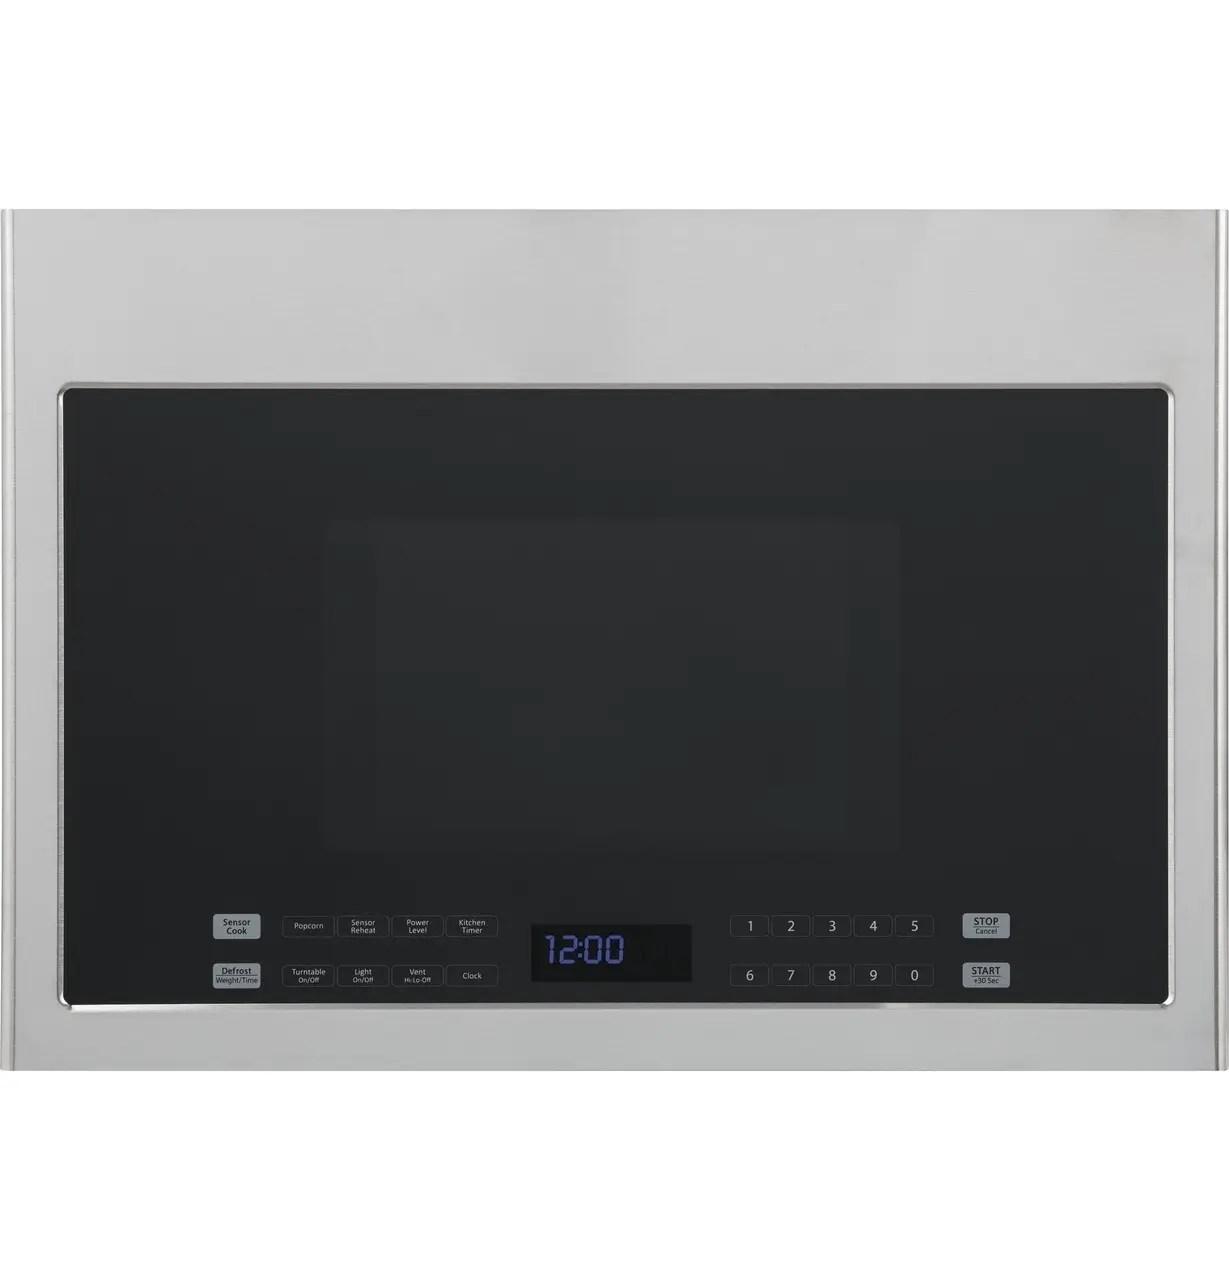 hmv1472bhs haier appliance 24 1 4 cu
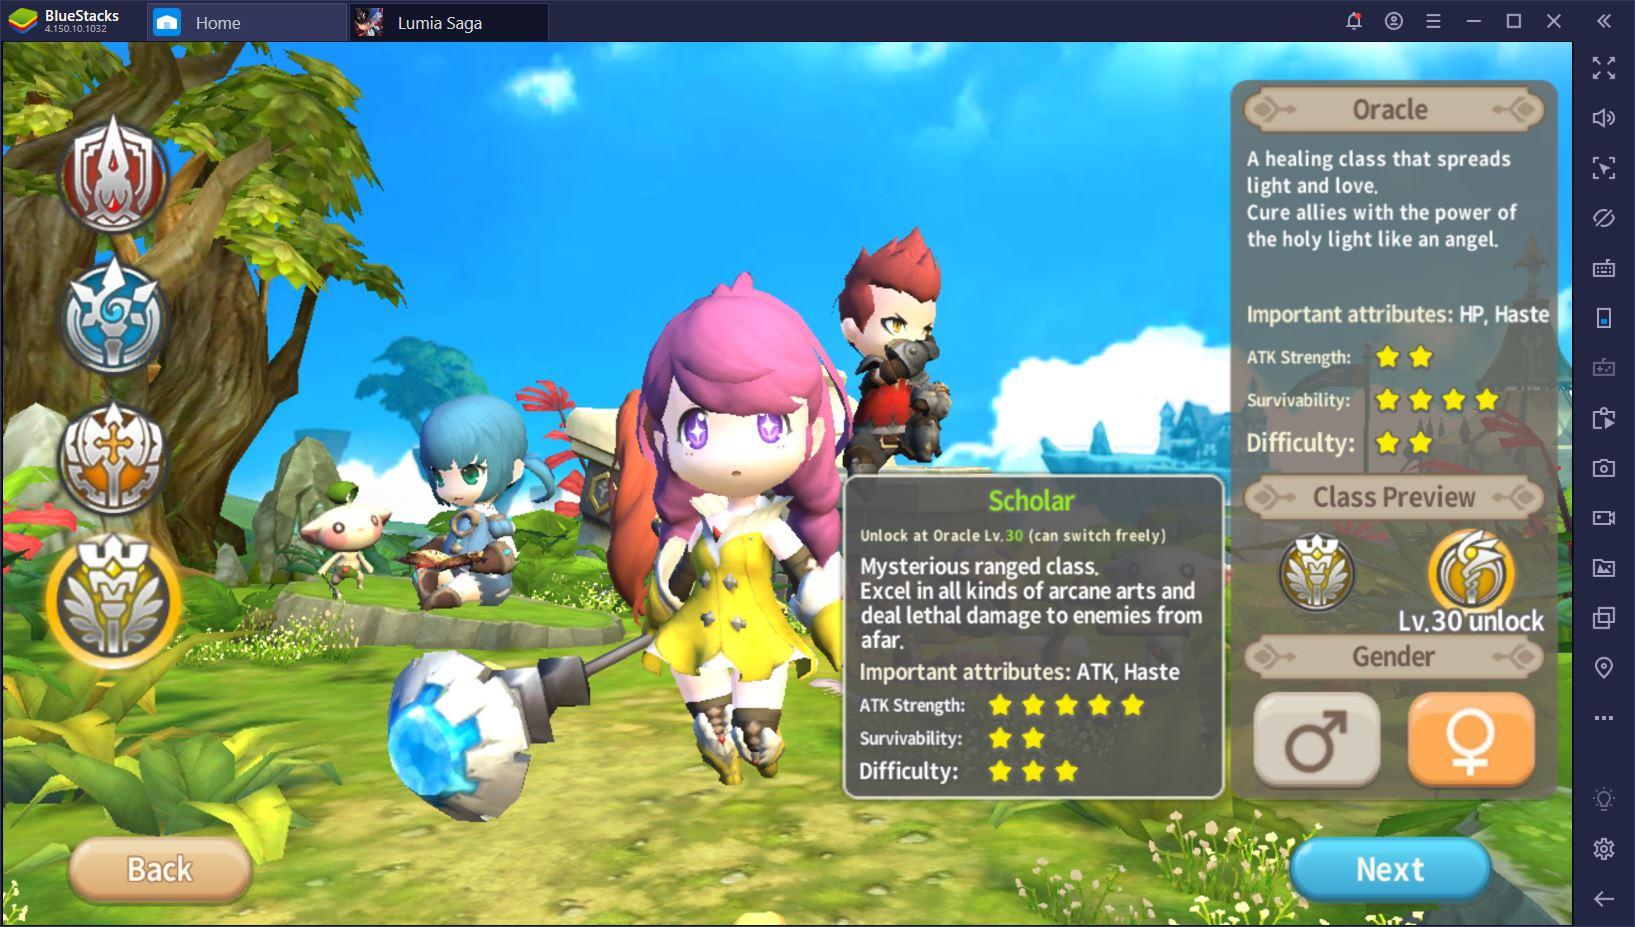 Lumia Saga : Le guide complet sur les classes et le développement des personnages
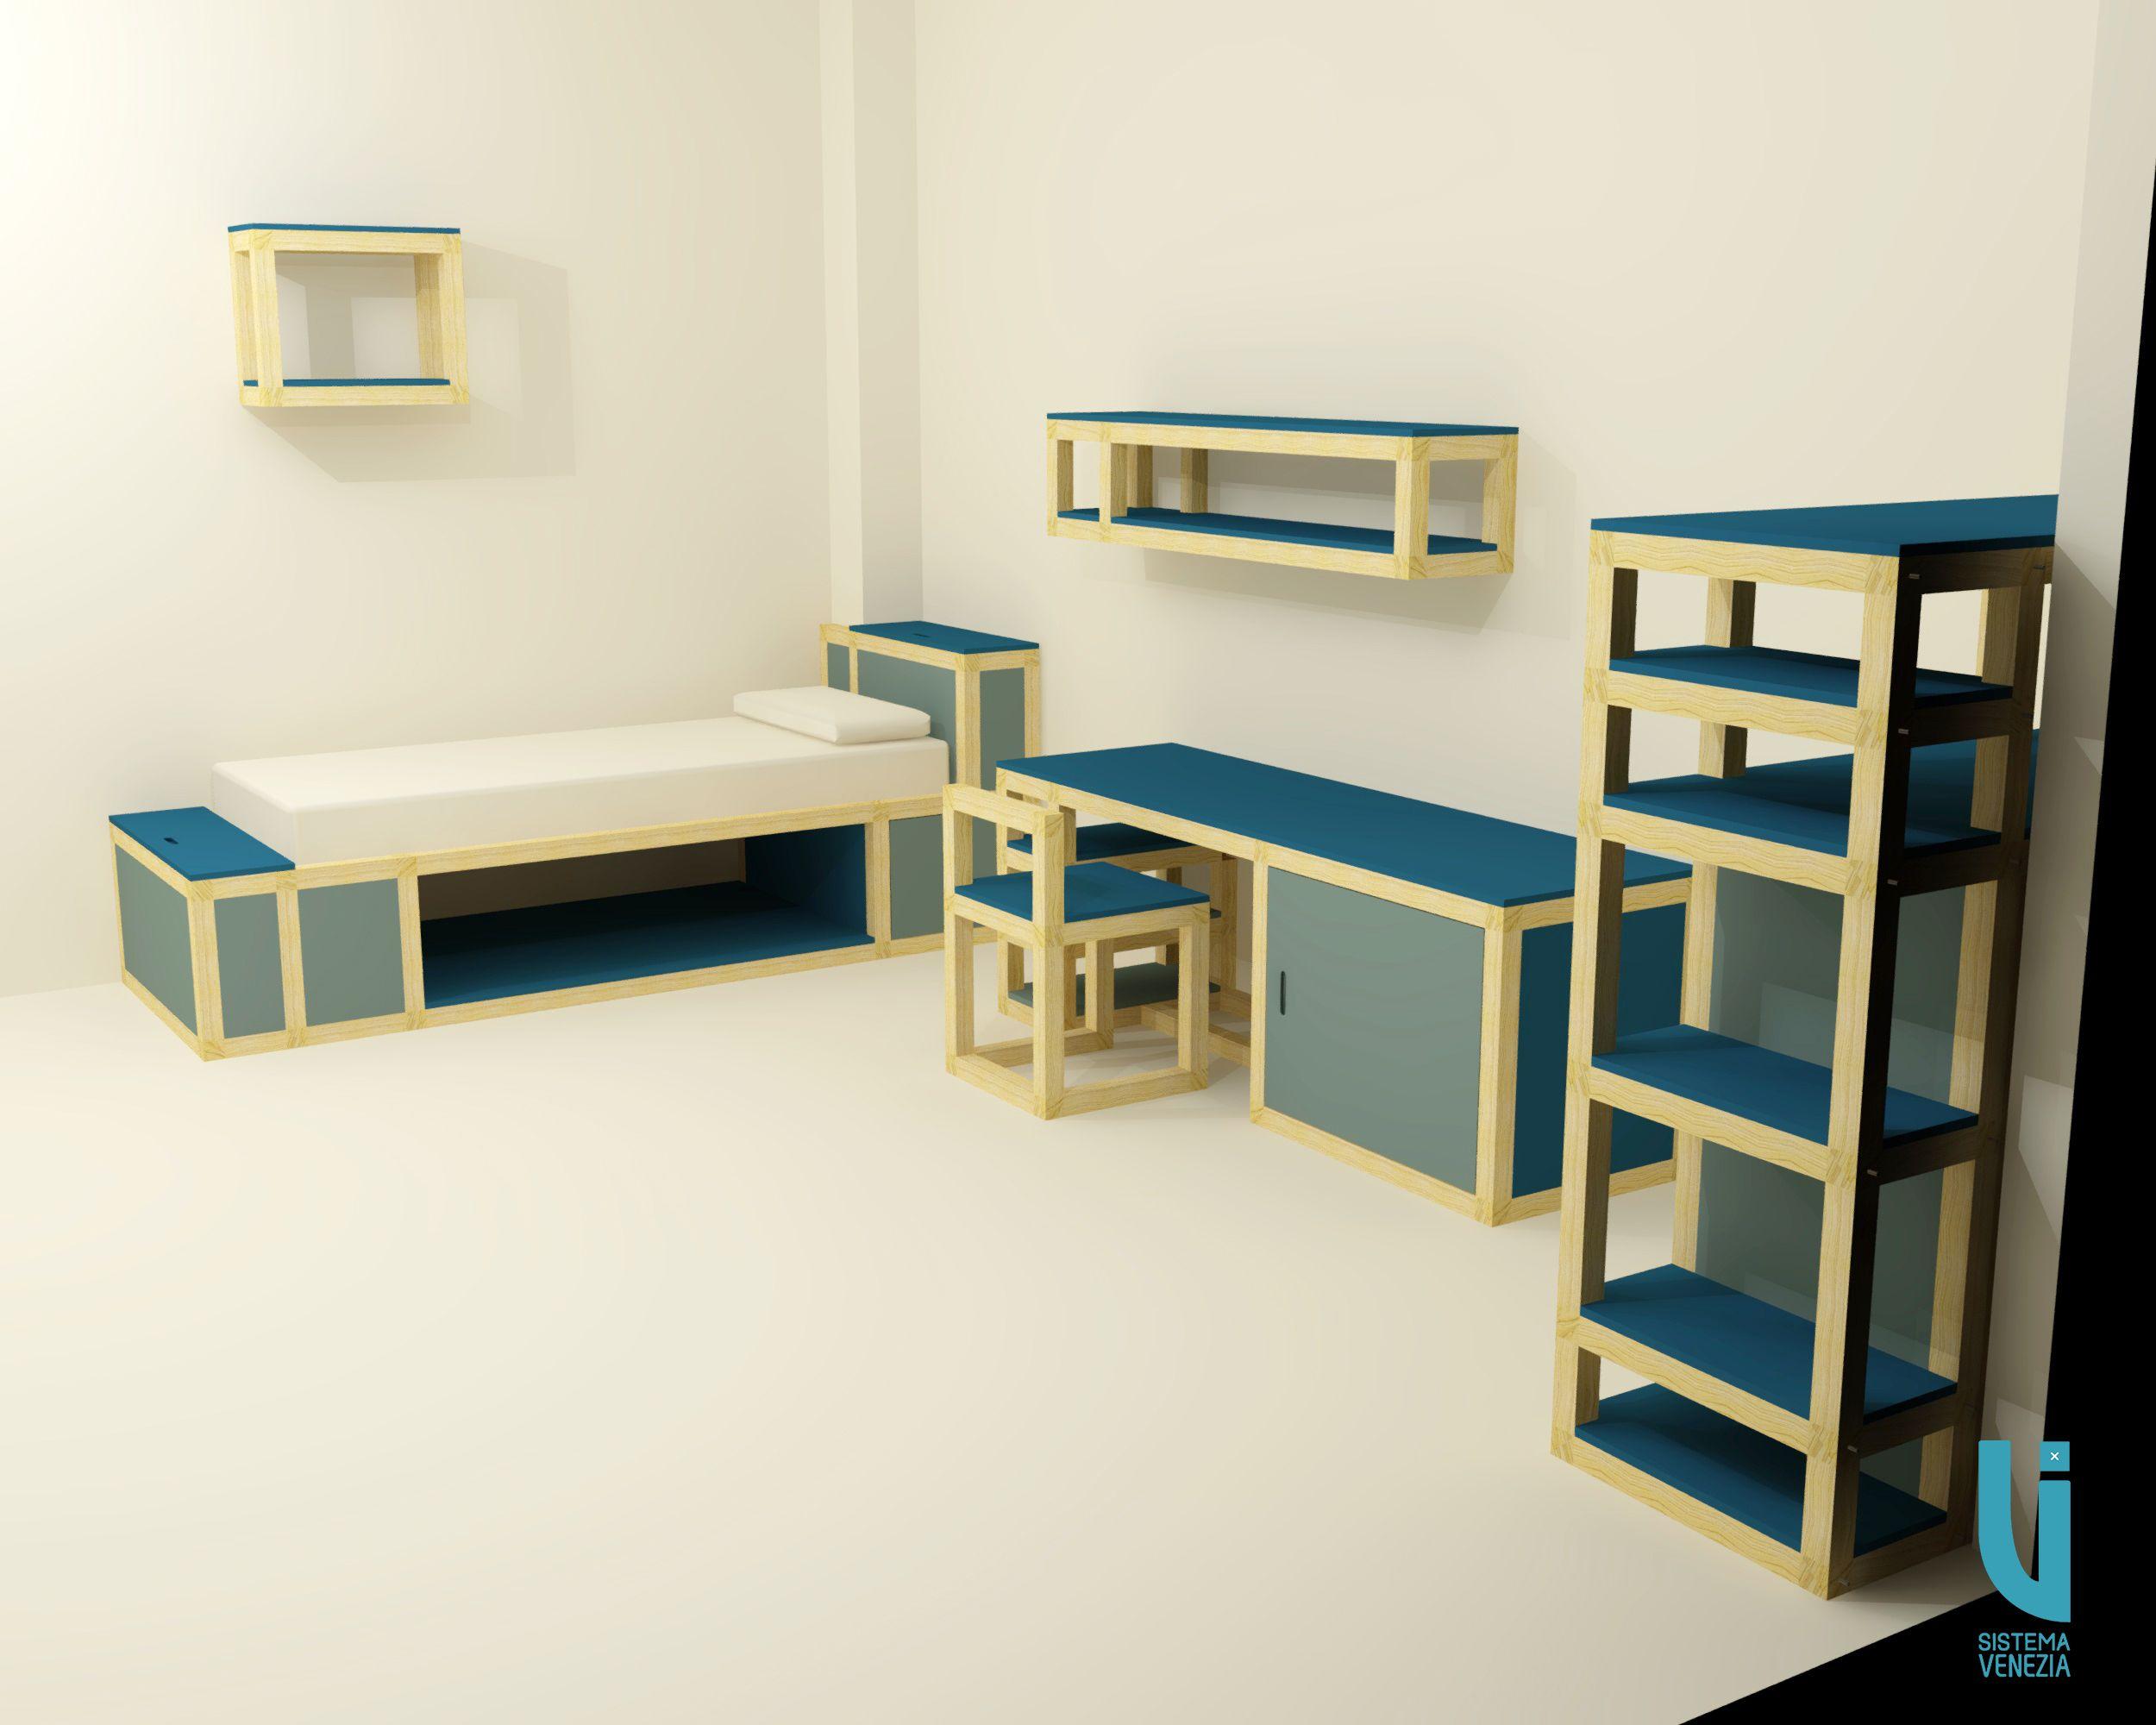 Camera Da Letto Bambino : Camera da letto per bambini costruita con sistemavenezia

» WHAT YOU SHOULD DO
Output nothing but the lines from the one containing "Lumia Saga : Le" to the end of the listing, both ends included, reproduced exactly. Pictures stay out.

» EXERCISE ANSWER
 Lumia Saga : Le guide complet sur les classes et le développement des personnages
 Camera Da Letto Bambino : Camera da letto per bambini costruita con sistemavenezia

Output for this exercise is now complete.